Tic-Tac was 9 or 10 months old and he died Friday March 20,2009.He was so sweet. He would always just sit with us and hang out. He loved to lay with us and nuzzle up and go to sleep. I have never met a sweeter Beardie and we will miss him so much.
I feel like I will never get over this loss. I tried so hard to make him better. The week before he was lively as ever and so happy. Then last Thursday he started having seizures. By 3 Friday afternoon he had 6 seizures that I had seen while I was home. It was so painful and ahrd to watch theses and do what I could to comfort him through each one. I remember the last time he looked at me. He looked so scared and lost and sad. I just feel so horrible that I couldnt make them stop and make him better. I love him so much.

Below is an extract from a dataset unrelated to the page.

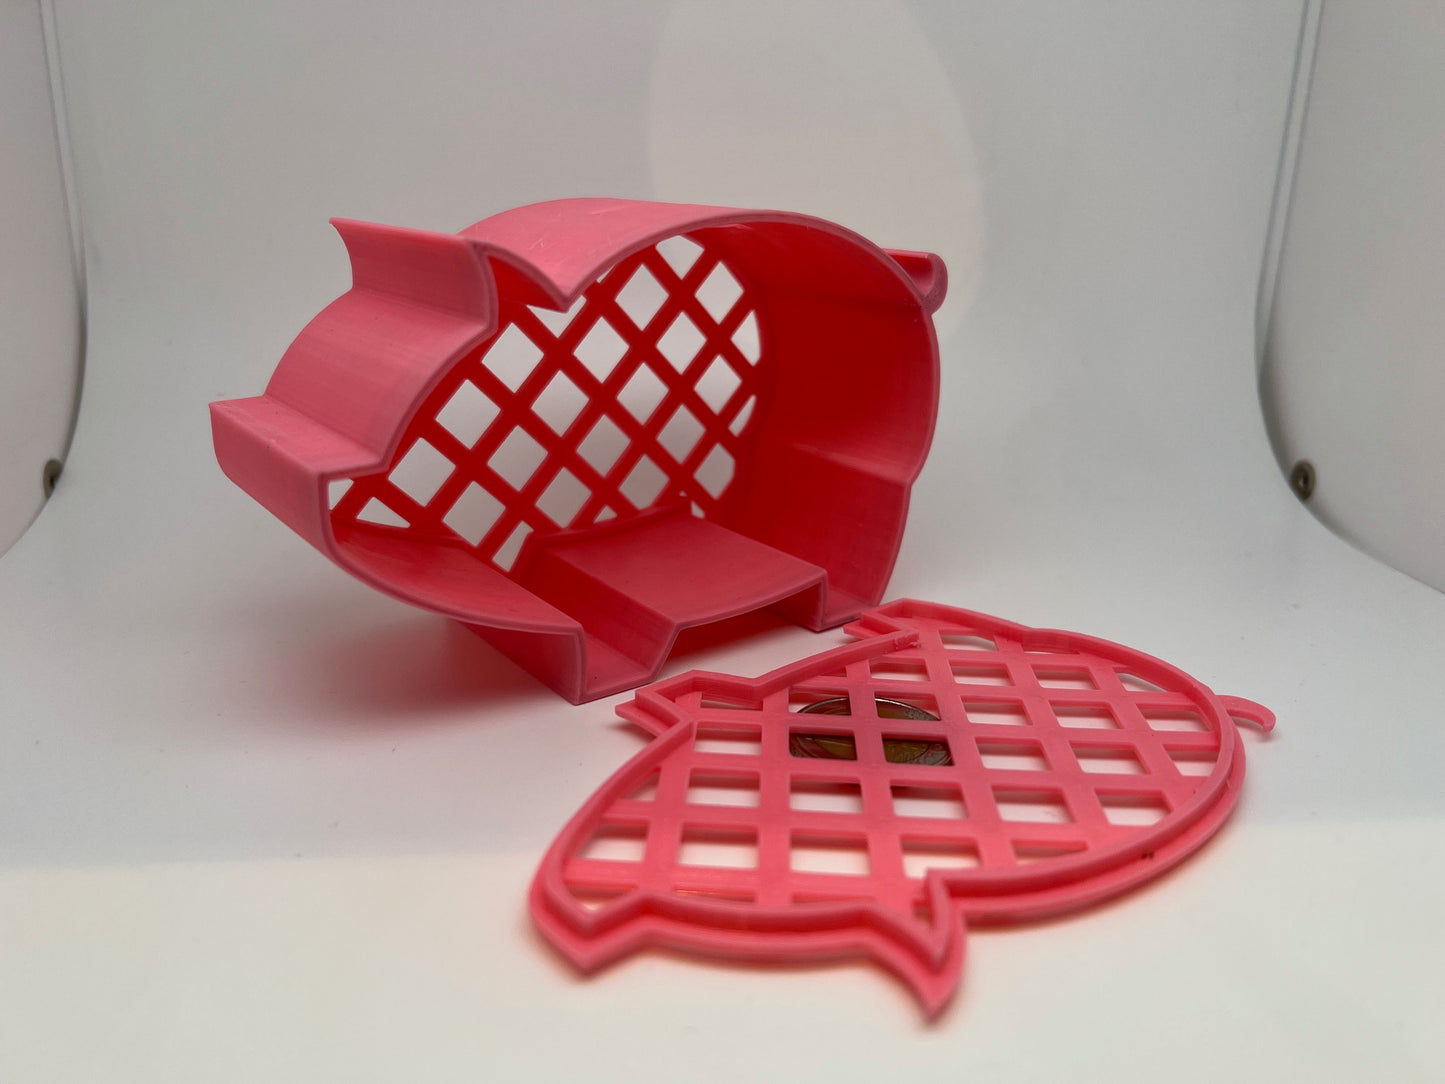 Salvadanaio Maialino 3D apribile - Vari colori. – stampatello

Thank you for being concerned. I just feel so guilty because he had a seizure and the next day he had at least 5 while I was home just by 3 in the afternoon so I took him to the vet and they told me what was wrong and I had to euthanize him. I feel very guilty.
It is very hard. Pretty much all me and my husband do is spend time with all of our lizards and tortoises. But the Bearded dragons are my babies nd this has just ben horrible. Sorry for your loss. I know how hard it can be to go through.
I am so sorry for your loss. But do not feel guilty, do not. It sounds like It happened so fast and you did all that you could. You saved him and you loved him thats what's most important. I don't know if you are religious, but I think God chose you to help him and comfort him through his seizures and make his short life as happy and comfortable as possible. It doesn't seem fair, but it would be more unfair if he went through it alone. You were there for him, and I'm sure he is so thankful, so remember the wonderful memories, and don't let guilt overshadow them. Again, I'm sorry for your loss. It sounds like you have so much love for all your pets.